**WHAT IS BEING ASKED**
This exercise calls for the data below to be retyped exactly, minus any images.

**AVAILABLE DATA**
------------------------------------------------------------------------

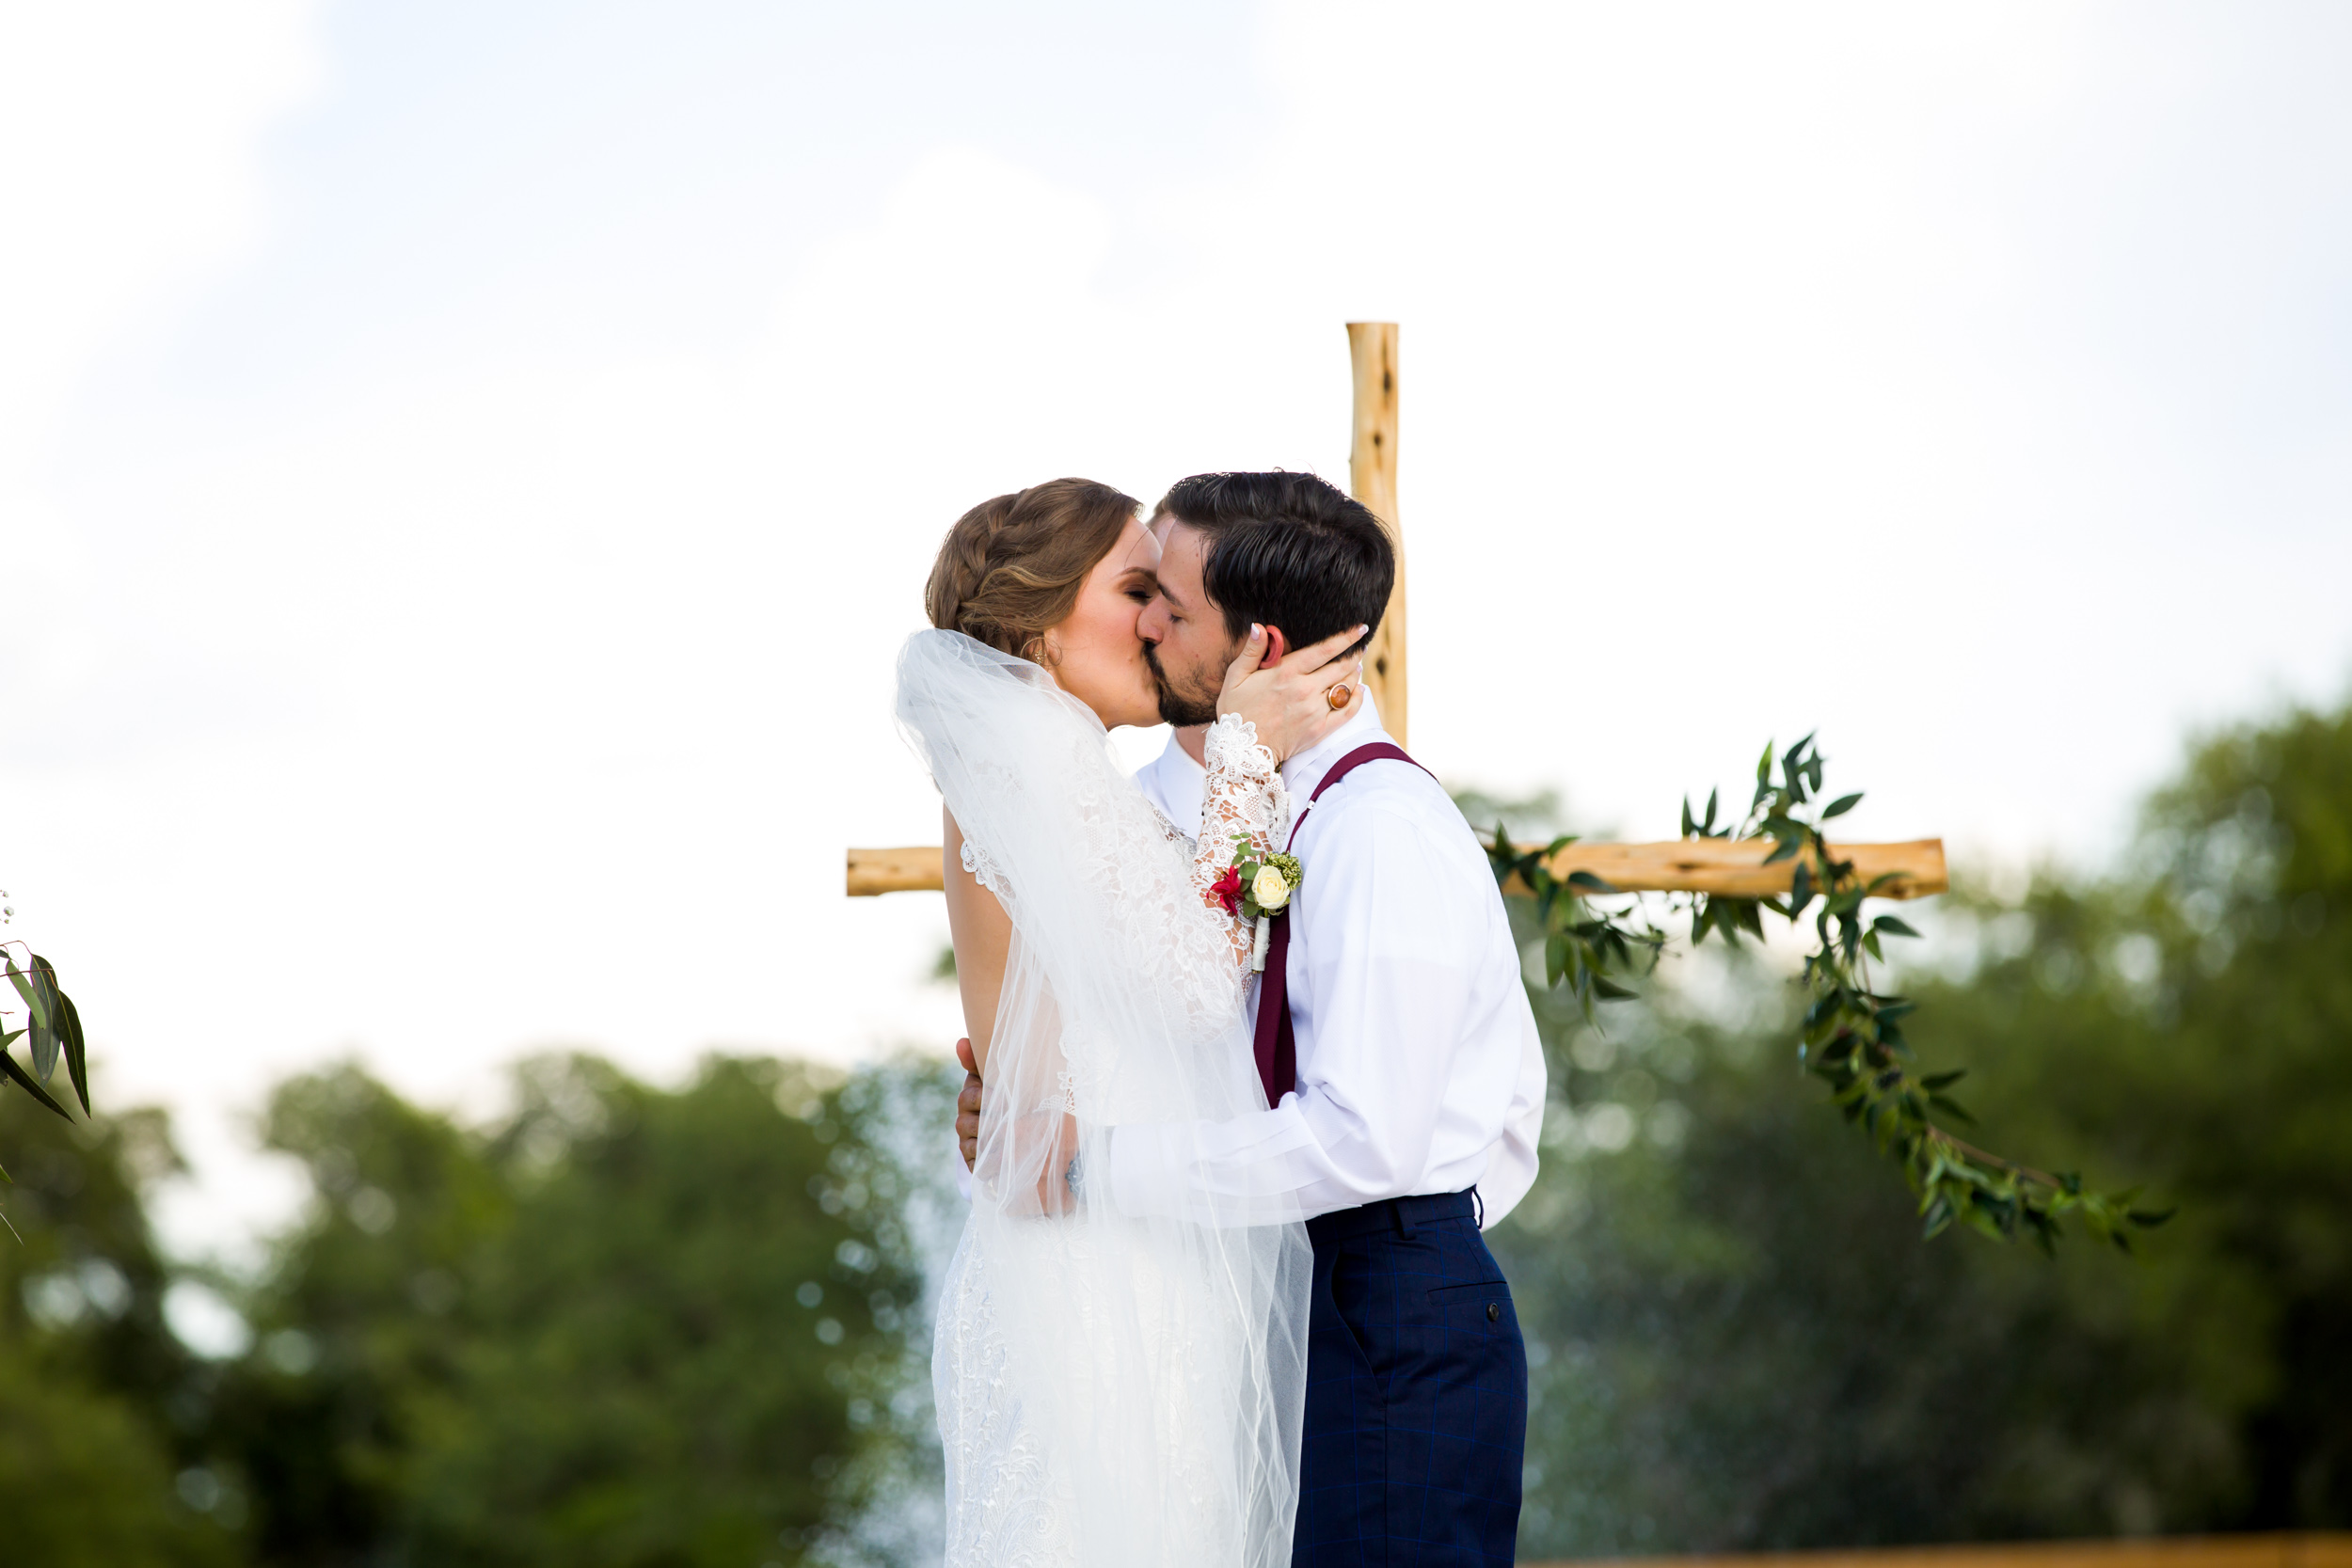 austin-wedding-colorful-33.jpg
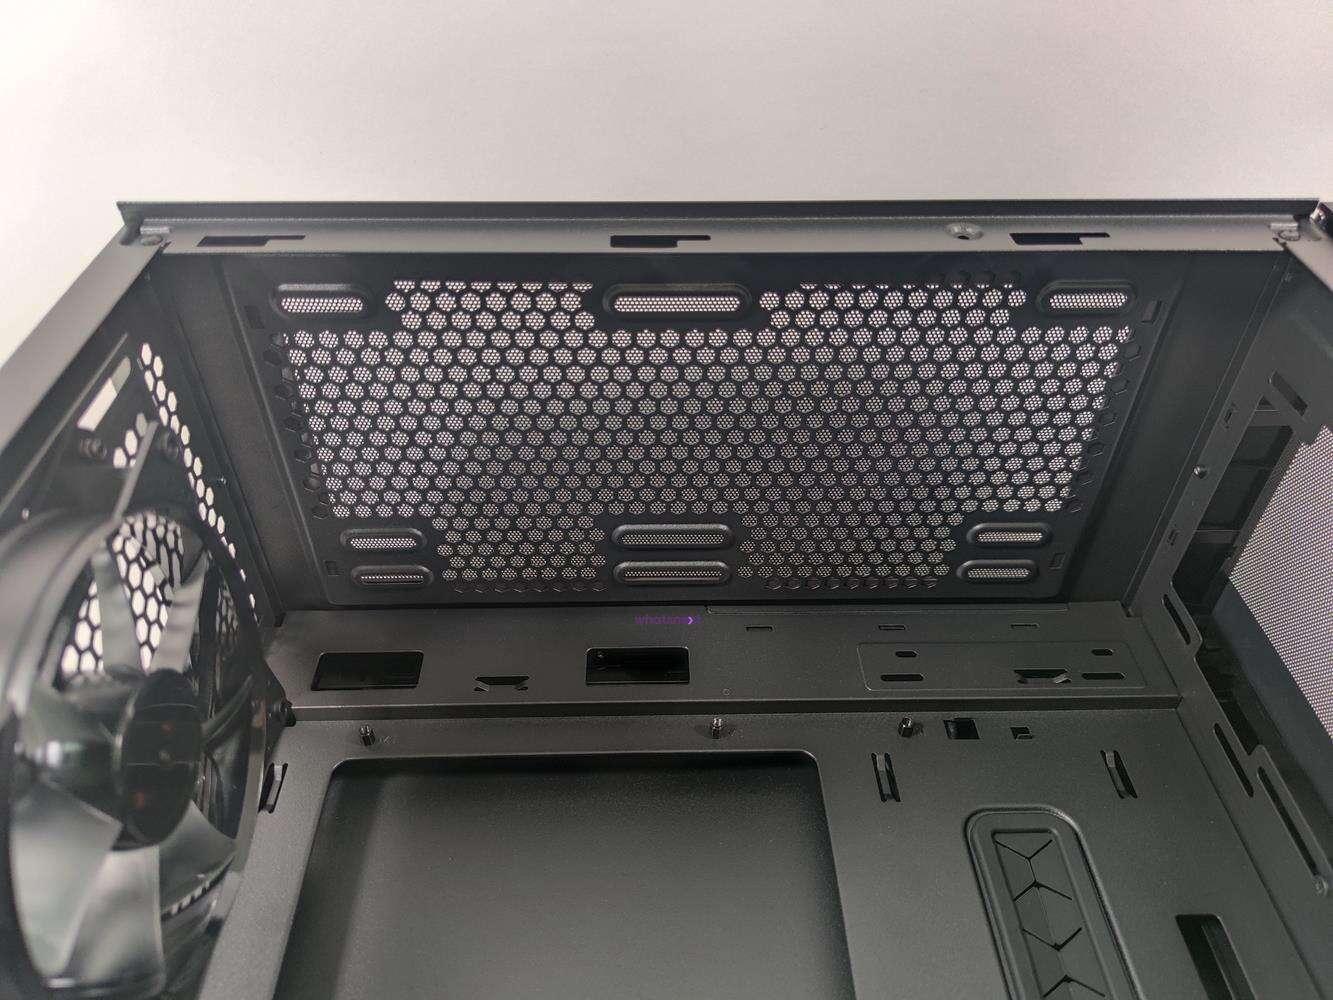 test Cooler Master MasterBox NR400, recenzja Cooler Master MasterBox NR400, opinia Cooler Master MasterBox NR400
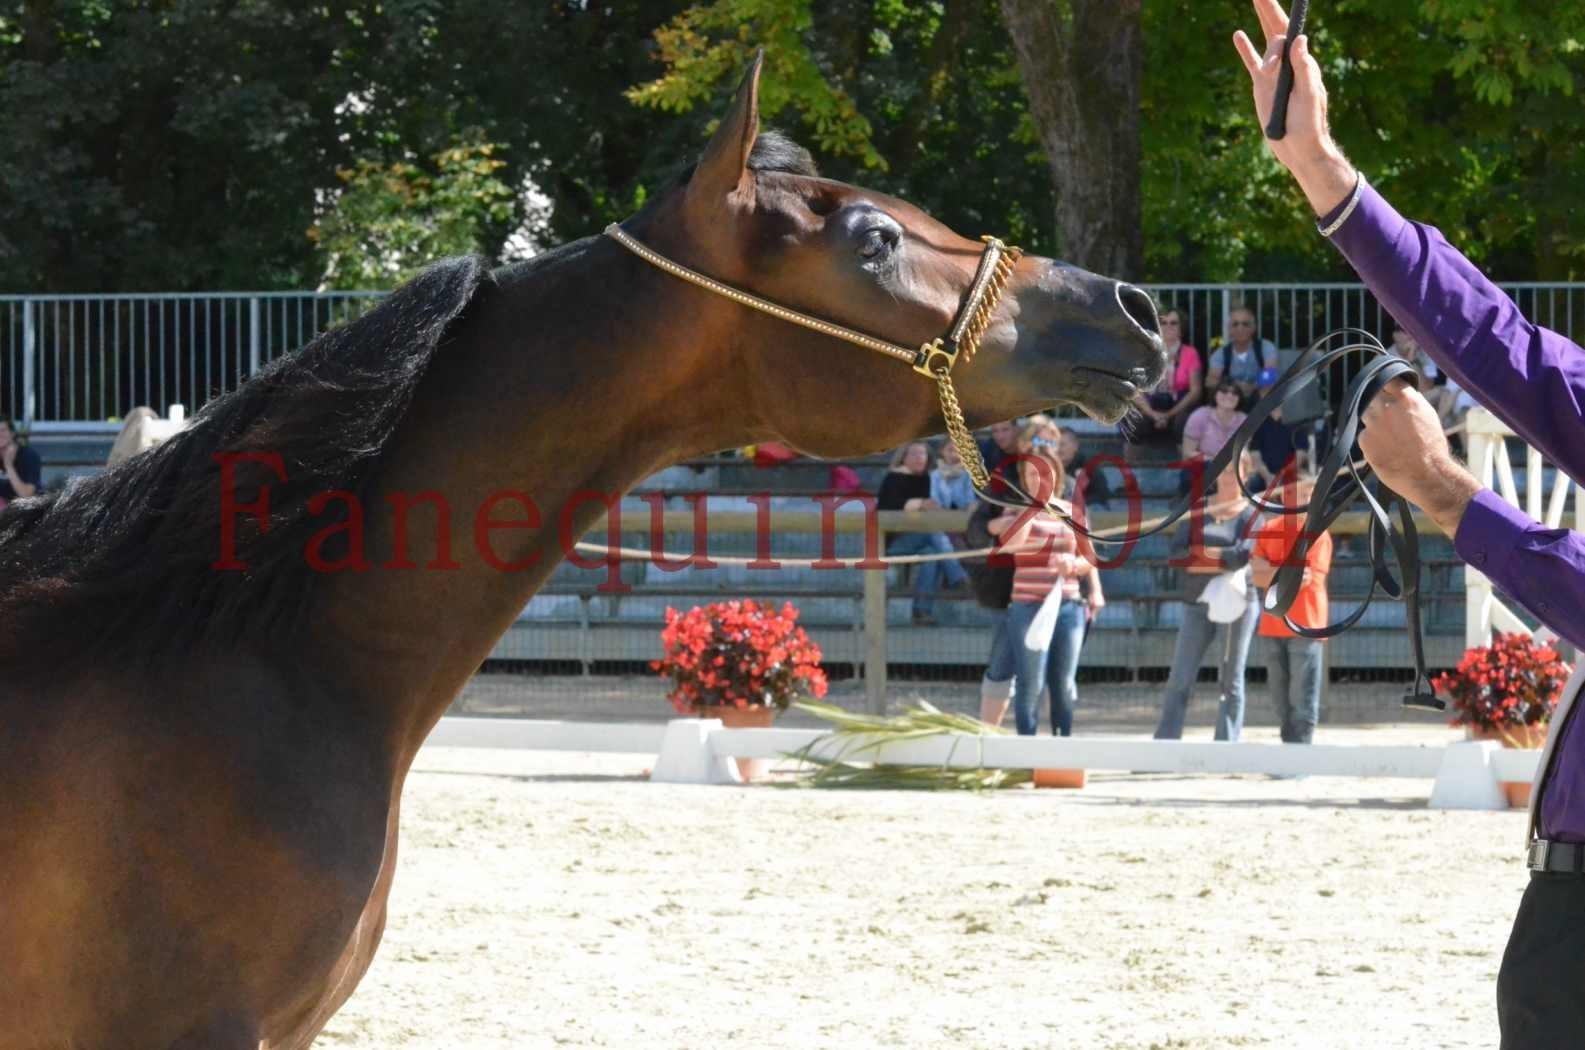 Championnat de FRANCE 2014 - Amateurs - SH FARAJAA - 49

------------------------------------------------------------------------

**RESULT OF THE EXERCISE**
 austin-wedding-colorful-33.jpg
 test Cooler Master MasterBox NR400, recenzja Cooler Master MasterBox NR400, opinia Cooler Master MasterBox NR400
 Championnat de FRANCE 2014 - Amateurs - SH FARAJAA - 49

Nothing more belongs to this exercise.